Saturday, August 02, 2014

August 2, 2014 -- Madrid

Yesterday it seemed to me that my leg was improving enough that I would take the train back to Sahagún on August 5 to resume the Camino on August 6. This afternoon I am not so sure. I walked around the central part of town a few miles today, and my left leg did not like it at all and let me know it with jolts of pain that became more frequent as I pushed on.

I first walked from a subway station to Madrid's Atocha train station with the intention of buying a railway ticket in advance. I had forgotten that today is Saturday and there would be long lines of people at the ticket counters seeking to escape the city for the weekend. I had no desire to stand in one of those lines.

When I left the train station, I walked north along Alfonso XII Street with the Royal Botanical Gardens to my right on the other side of the street. Here's a picture of the main entrance to the Gardens.

My goal was the Puerta de Alcalá, which I had seen the day before from the tour bus. The gate is so named, because it once stood on the road to Alcalá and reportedly replaced an older, shabbier-looking gate in the city wall. I have also read that at one time flocks of sheep were driven through the gate into the city, although with the heavy traffic circling the gate these days, I wouldn't give a sheep much of a chance of survival out in the middle of the traffic circle where the gate is presently located. I had to wait for a break in traffic to take this shot.

The fountain below is in the middle the Plaza de Cibeles a few blocks to the west of the Puerta de Alcalá. I passed it while walking from the gate to the nearest subway station.

I caught the subway just in front of the Bank of Spain, which is the building to the left in the photo below. It was once Spain's equivalent of the Federal Reserve Bank in the USA, but now all of yhe national central banks of all of the countries that have adopted the euro as their common currency are beholden to the European Central Bank.

On the subway trains in Southern European cities, it is common for people to get on the train and beg for money. The usual practice is to stand at one end of the subway car and give a loud rehearsed speech that includes the assertion that the person is out of work and has two or three hungry children to feed. The person then walks through the car saying to each passenger, "Una ayuda, por favor." (some help, please).

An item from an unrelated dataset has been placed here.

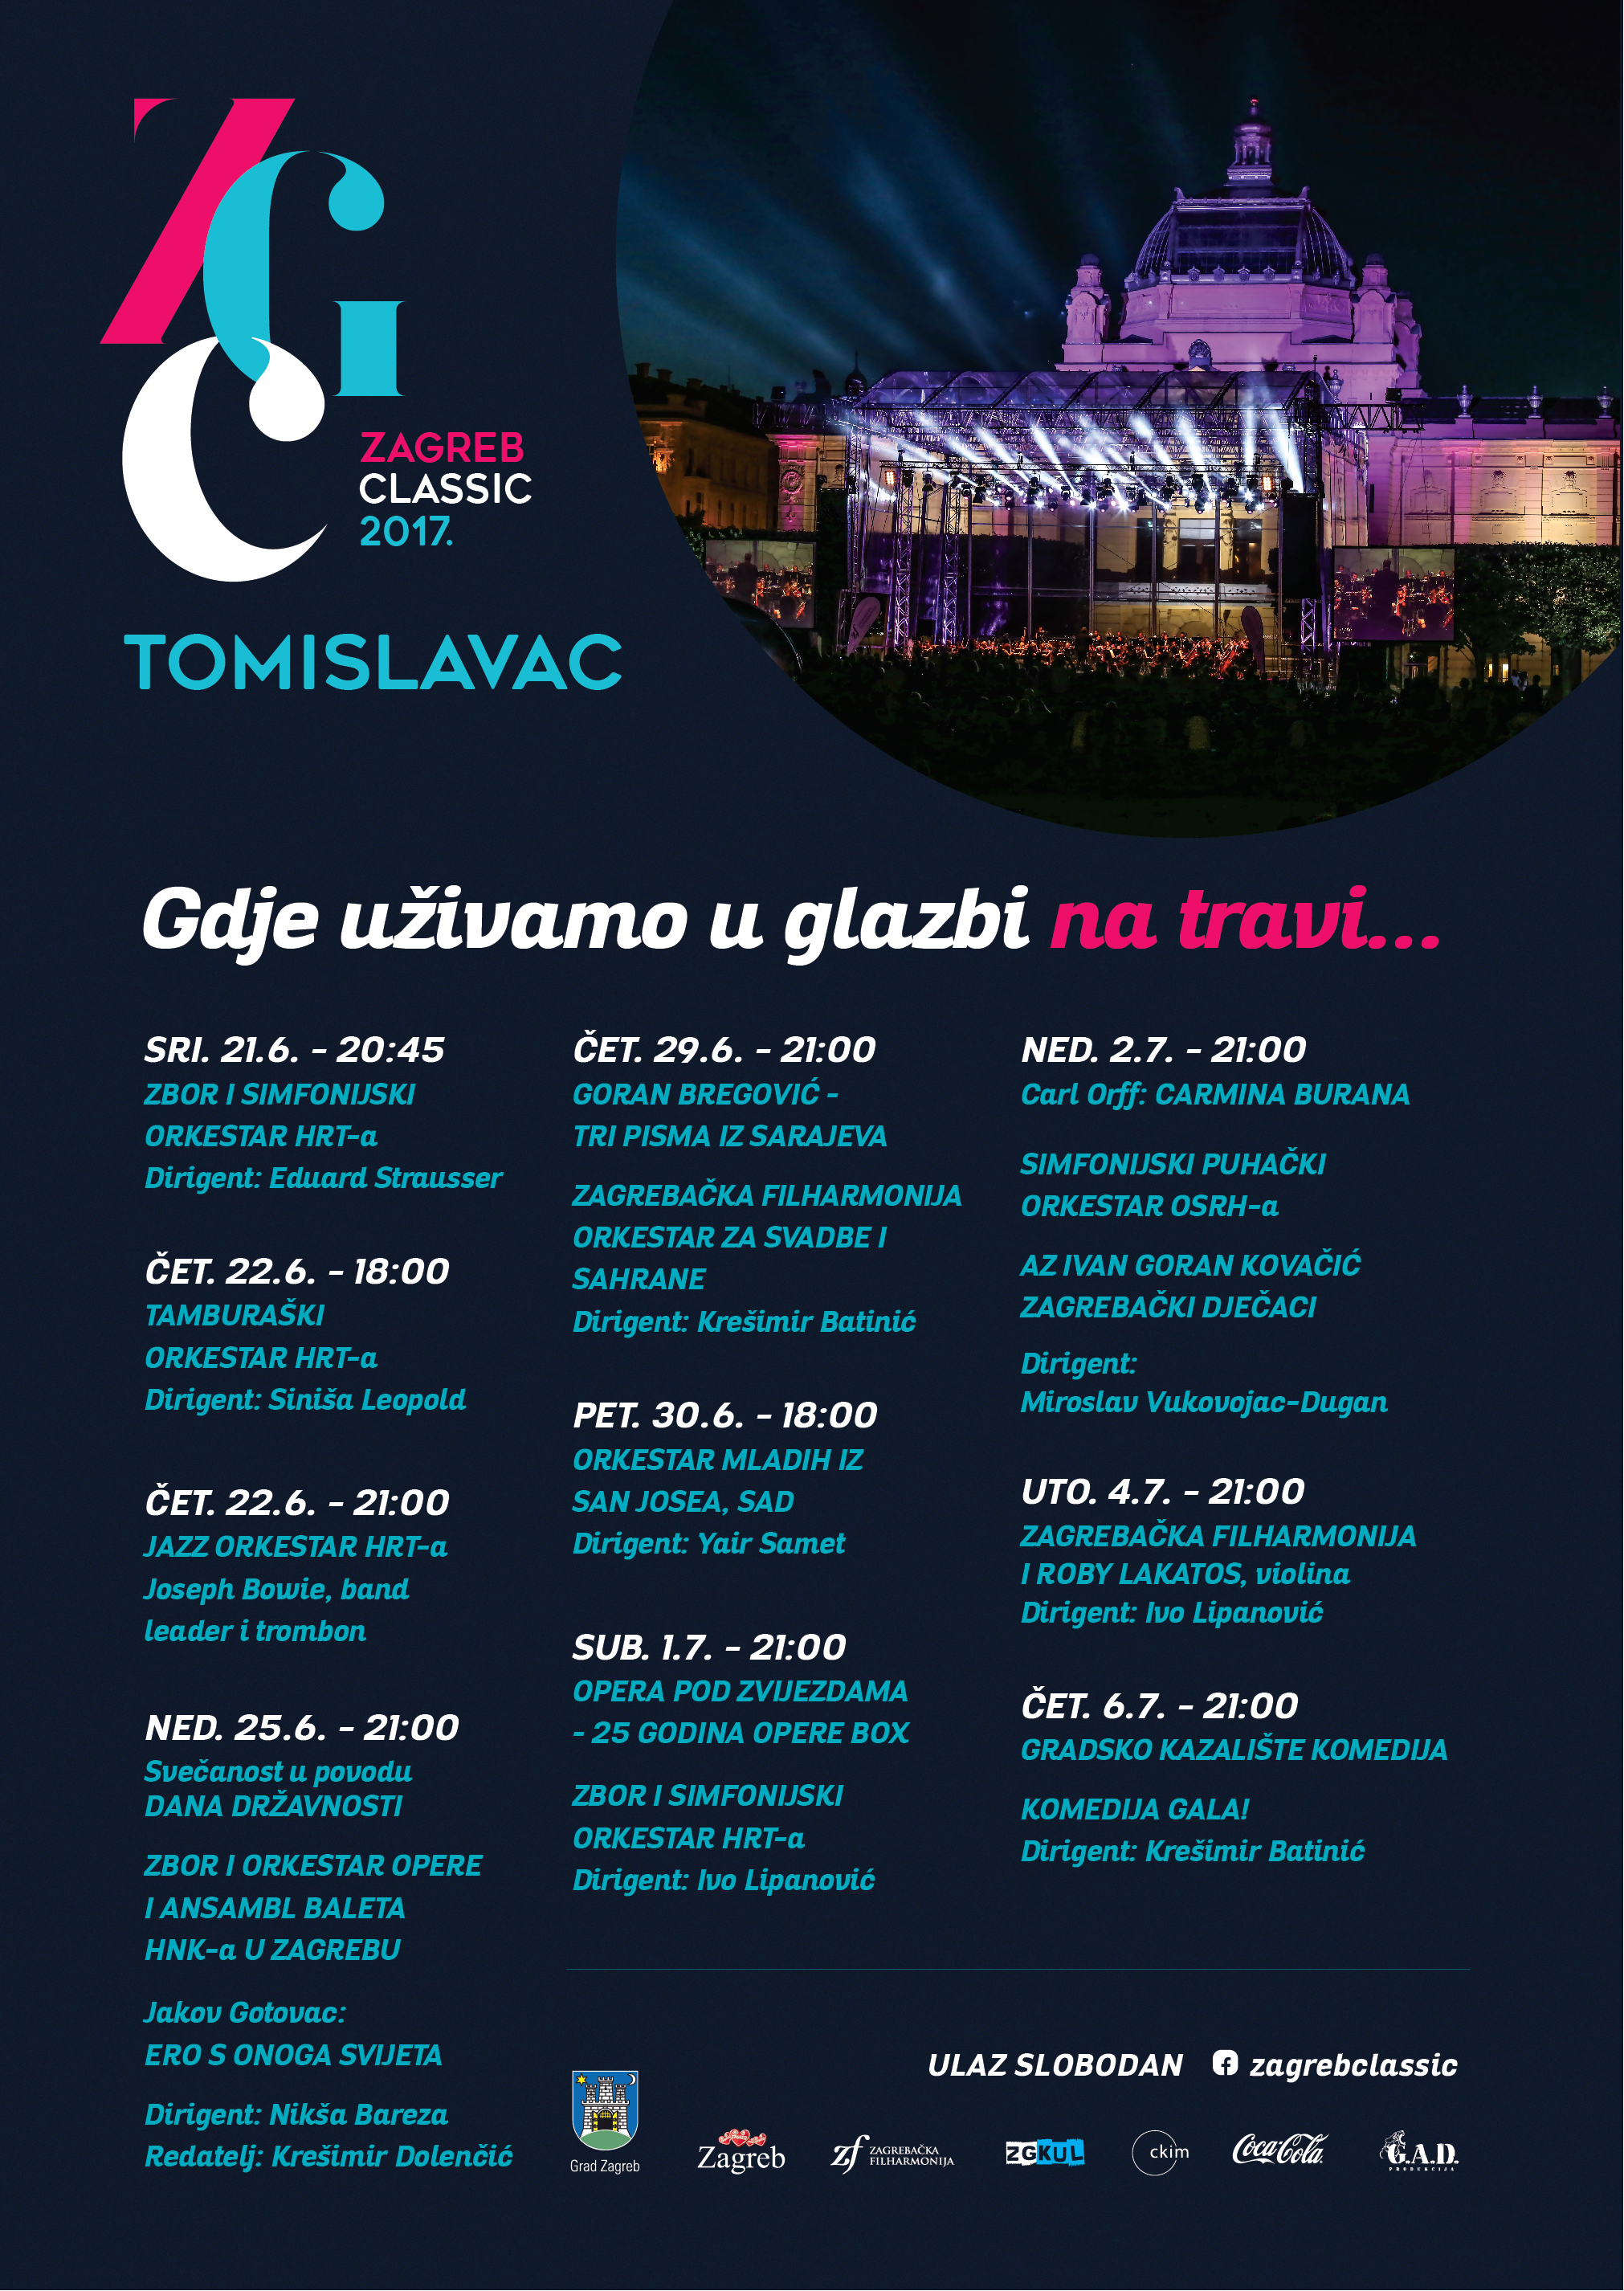 ČAROBNI BROADWAY - koncert u sklopu Festivala Zagreb Classic

Sometimes someone gets on board and suddenly pulls a musical instrument from a carry-on bag and starts to play and sing before passing the hat. Occasionally it is a person or a group with talent, and the passengers are generous. Today a young, muscle-bound man rolled a small suitcase onto the train that turned out to be an amplifier and speaker covered with a black cloth. I saw him plug a cable on top of the amplifier into his cell phone and tap the phone's screen. Suddenly Chuck Berry style music filled the car, and the guy started singing "Johnny B. Goode" karaoke style. It was awful. When he finished, he passed the hat and didn't collect a cent.